Monday, November 02, 2015

Failure to Replicate: Sound the Alarm

By: John P.A. Ioannidis, M.D.

Editor’s Note: Science has always relied on reproducibility to build confidence in experimental results. Now, the most comprehensive investigation ever done about the rate and predictors of reproducibility in social and cognitive sciences has found that regardless of the analytic method or criteria used, fewer than half of the original findings were successfully replicated. While a failure to reproduce does not necessarily mean the original report was incorrect, the results suggest that more rigorous methods are long overdue.

 

Cerebrum - Failure to Replicate: Sound the Alarm - Article image - November 2014 (content)
 Illustration by William Hogan

P sychological science has been a highly prolific discipline. Compared with other scientific fields, it has had one of the highest rates of experimental “success.” Analyses have shown that almost all studies in the field (90 to 100 percent) claim statistically significant results with p-values (which indicate the likelihood that the experiment’s outcome represents mere statistical “noise”) of less than 0.05.1,2

This may sound like a cause for celebration: Success seems to be ubiquitous! In fact, it should be a cause for concern. Other analyses have shown that the statistical power of studies in the field is too modest on average3-5 to account for such a high success rate. In other words, the statistical “noise” inherent in these studies has been so high that it should have caused many more negative results than were reported—even if all the hypotheses targeted in these studies were true.

The lack of replication is even more worrisome. Psychological science has one of the lowest rates of replication studies, in particular exact replications by independent investigators . A recent text-mining survey of the 100 most-cited psychology journals since 1900 found that only 1.07 percent of the published papers were categorized as replications.6 Some replications may have been missed by the survey authors’ automated search, but almost certainly not many.
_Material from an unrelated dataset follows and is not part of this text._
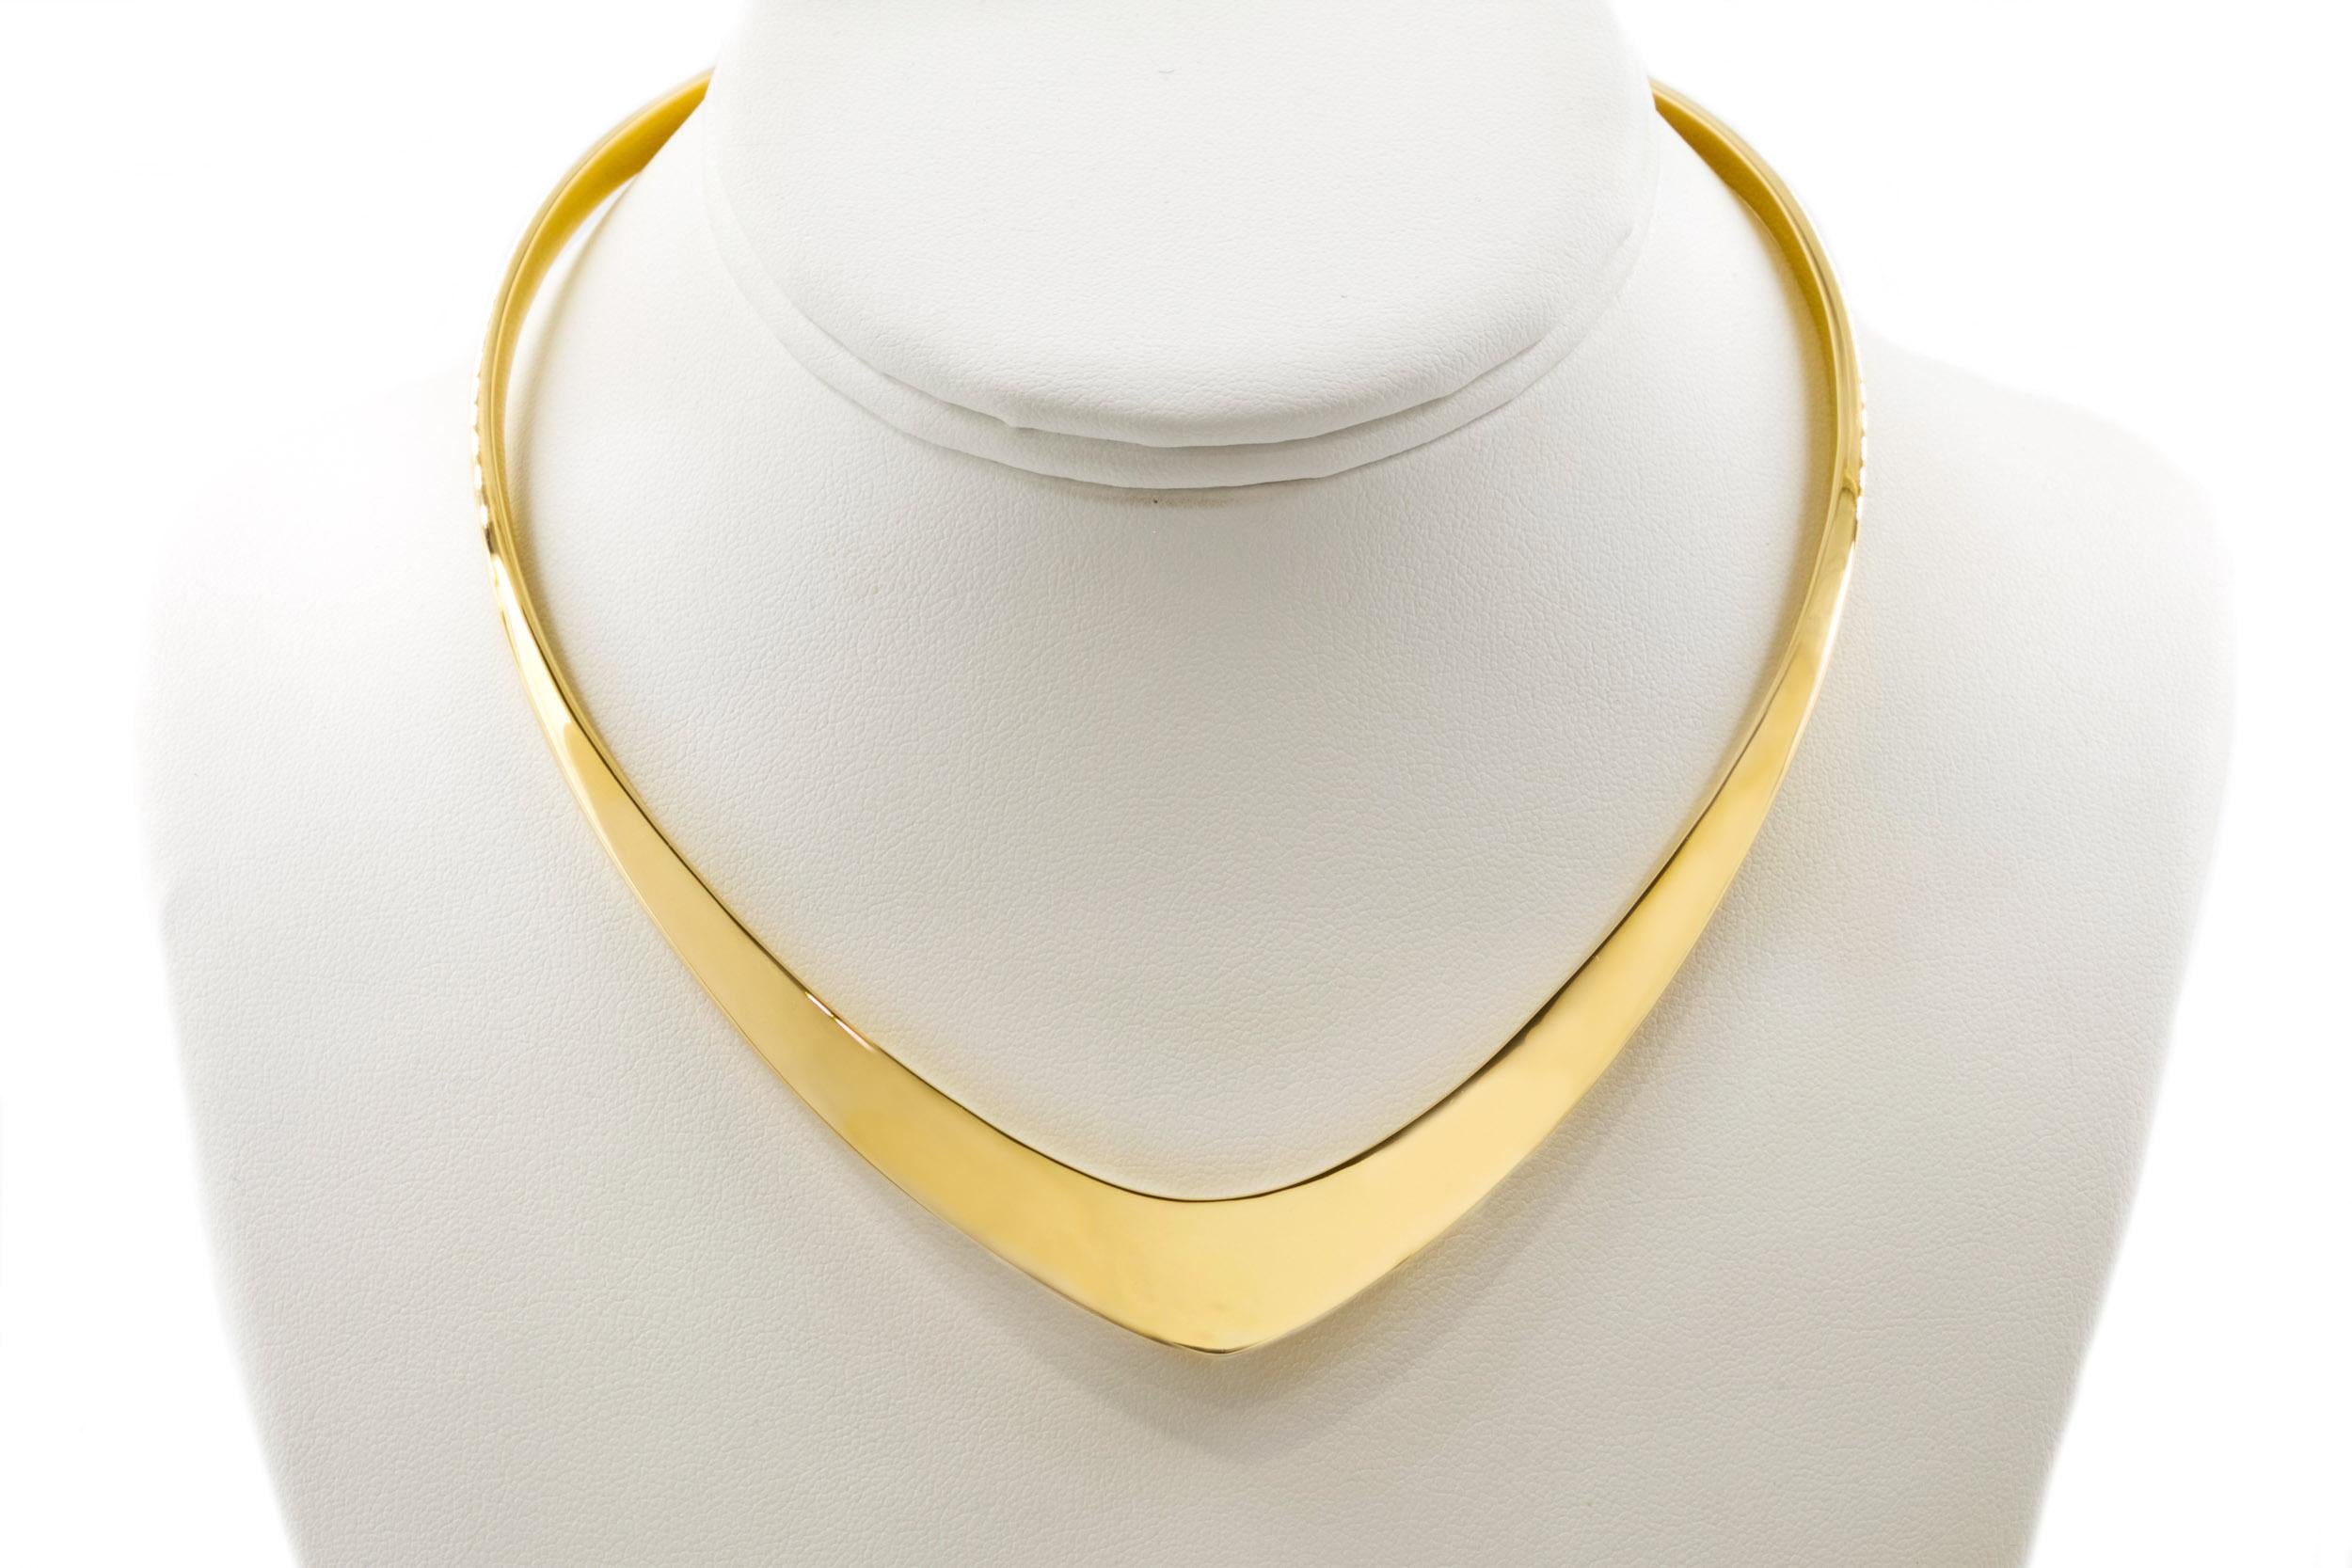 An exquisite design by the renowned goldsmith Ronald Hayes Pearson, this fine collar is hand wrought from solid 14 karat yellow gold creating an very attractive overall profile with a body that twists from squared ends into a flattened angular tip.

Of the identified replications, only 18 percent were true replications, the remainder being extensions of the work using different methods, settings, populations, or other deviations (“conceptual replication”).6 Furthermore, only 47 percent of the identified replications were done by investigators who were not authors of the original studies.6  

Such figures reflect psychological science’s incentive structure, in which replication experiments have been relatively unwelcome: They have attracted little funding, typically have been harder to get published, and have received little academic recognition.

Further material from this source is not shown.